DATA PROVIDED |
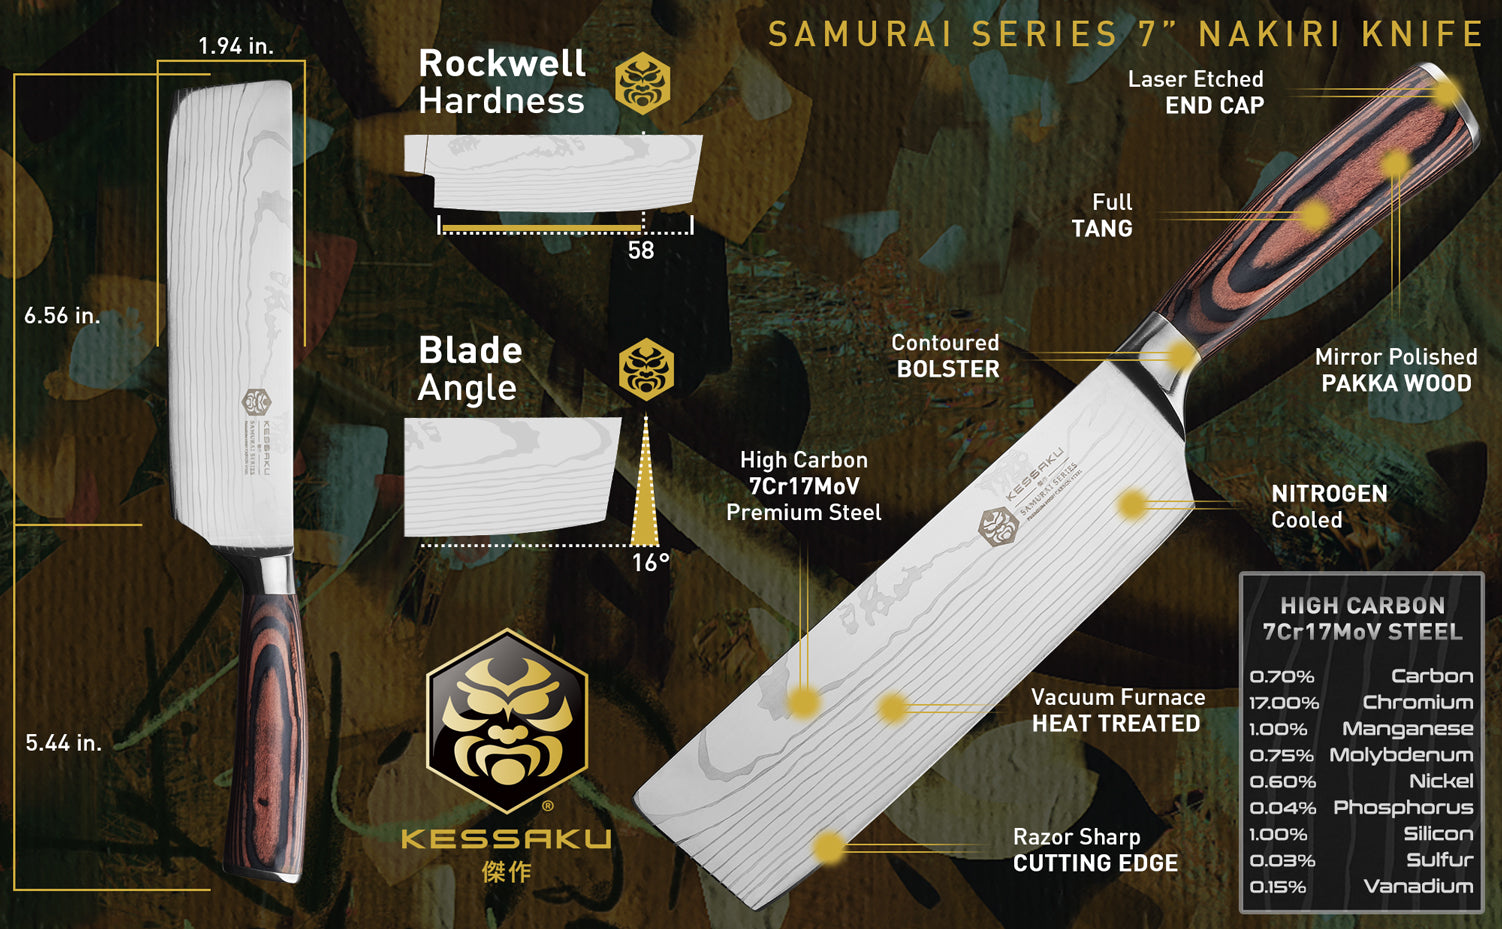 The Kessaku Samurai Series 7-Inch Nakiri Knife's features, dimensions, and steel composition
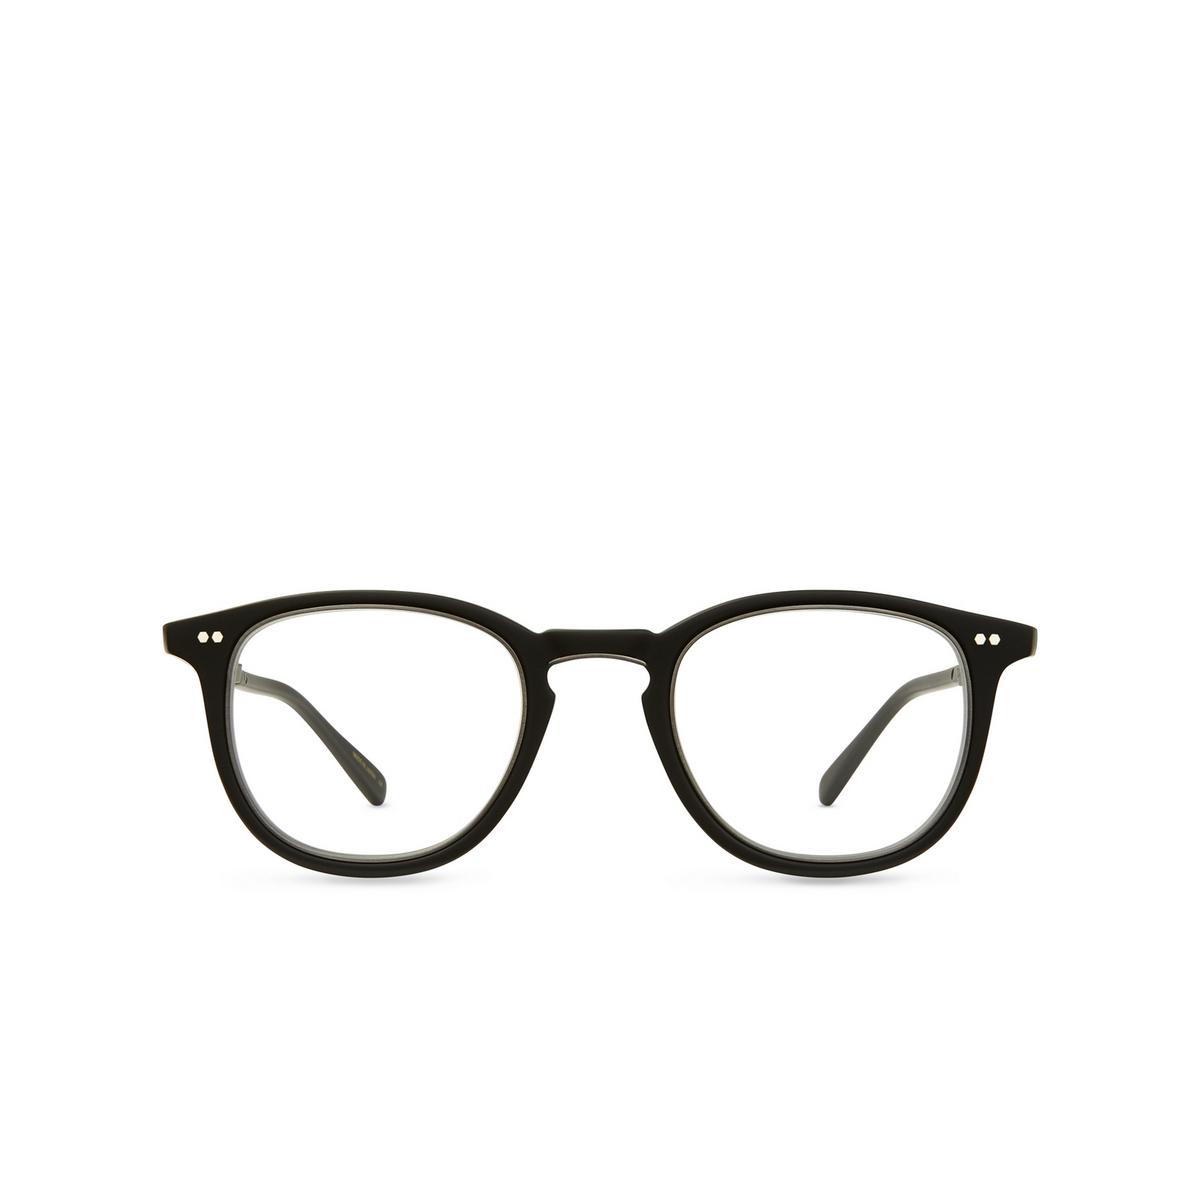 Mr. Leight COOPERS C Eyeglasses MBK-PW Matte Black-Pewter - 1/3
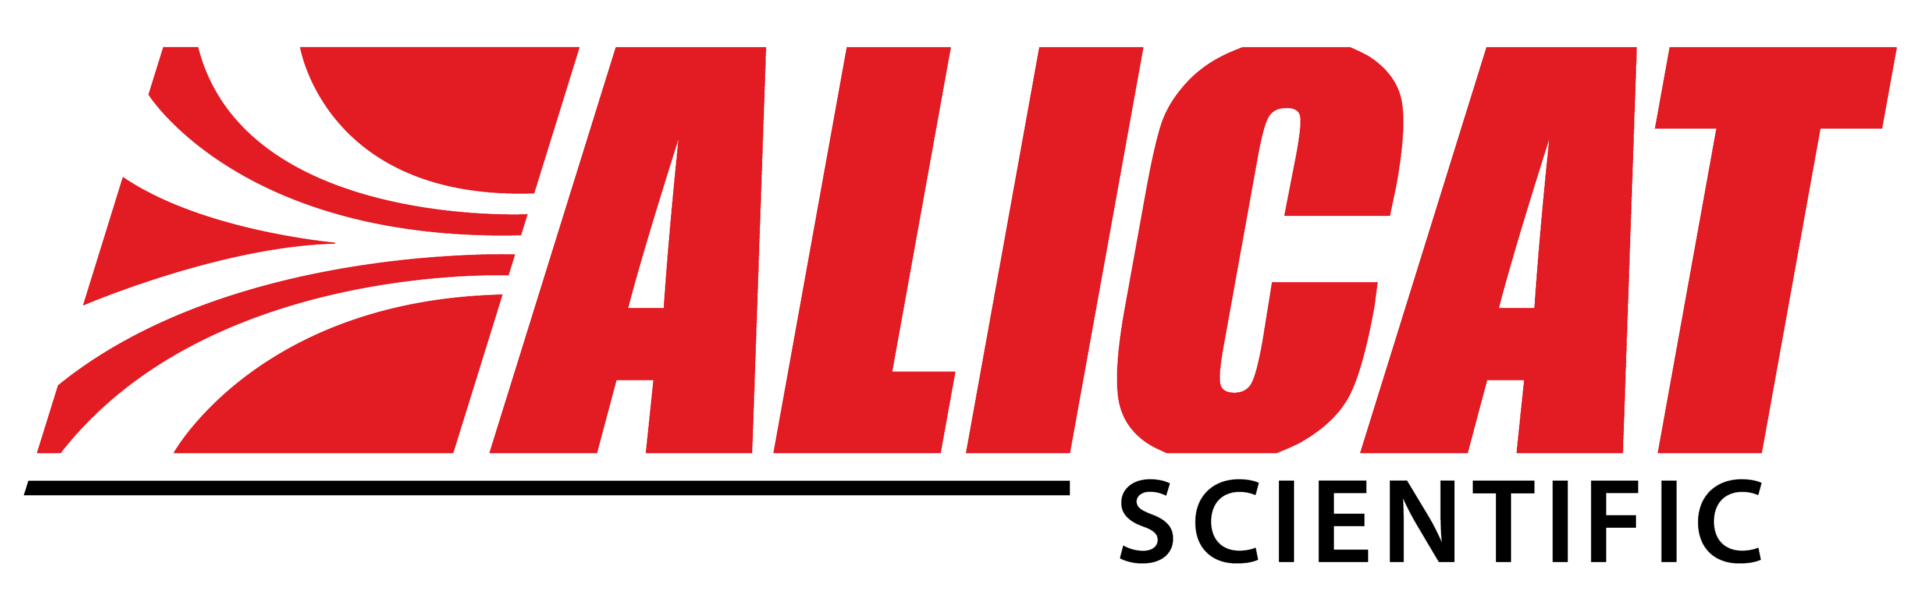 Alicat-logo-ConW
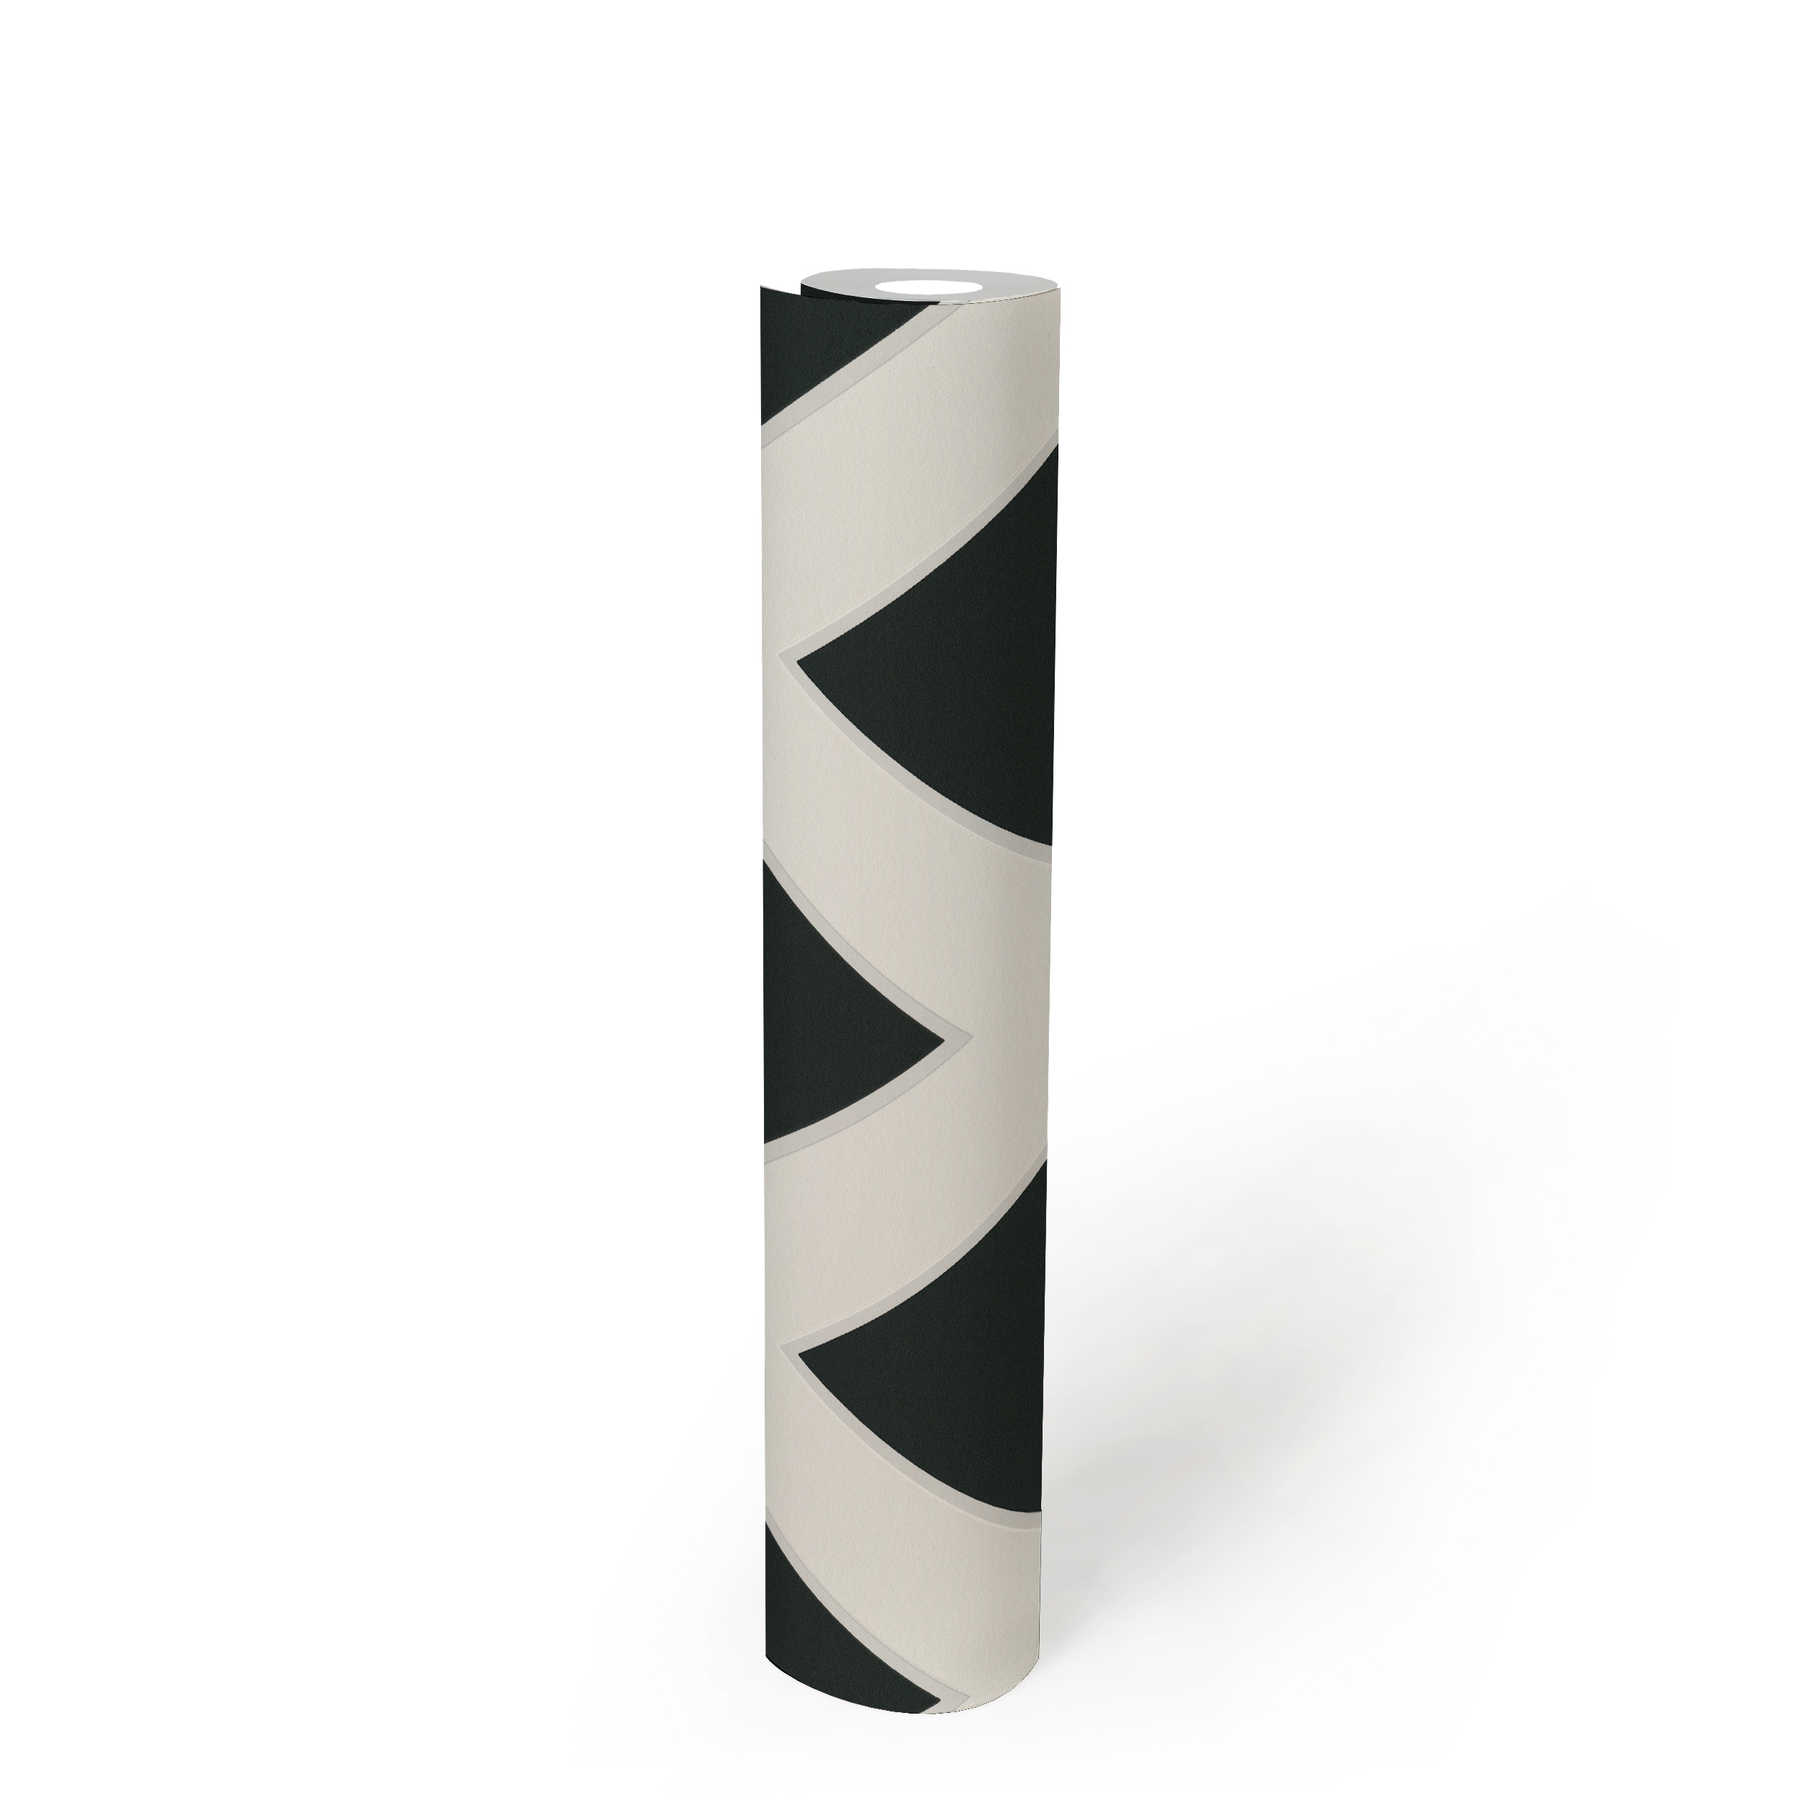             Wallpaper zigzag stripes in black and white

ASSIGNMENT |
Copy every line above exactly; images stay out.

TASK RESULT |
 The Kessaku Samurai Series 7-Inch Nakiri Knife's features, dimensions, and steel composition
 Mr. Leight COOPERS C Eyeglasses MBK-PW Matte Black-Pewter - 1/3
 Alicat-logo-ConW
             Wallpaper zigzag stripes in black and white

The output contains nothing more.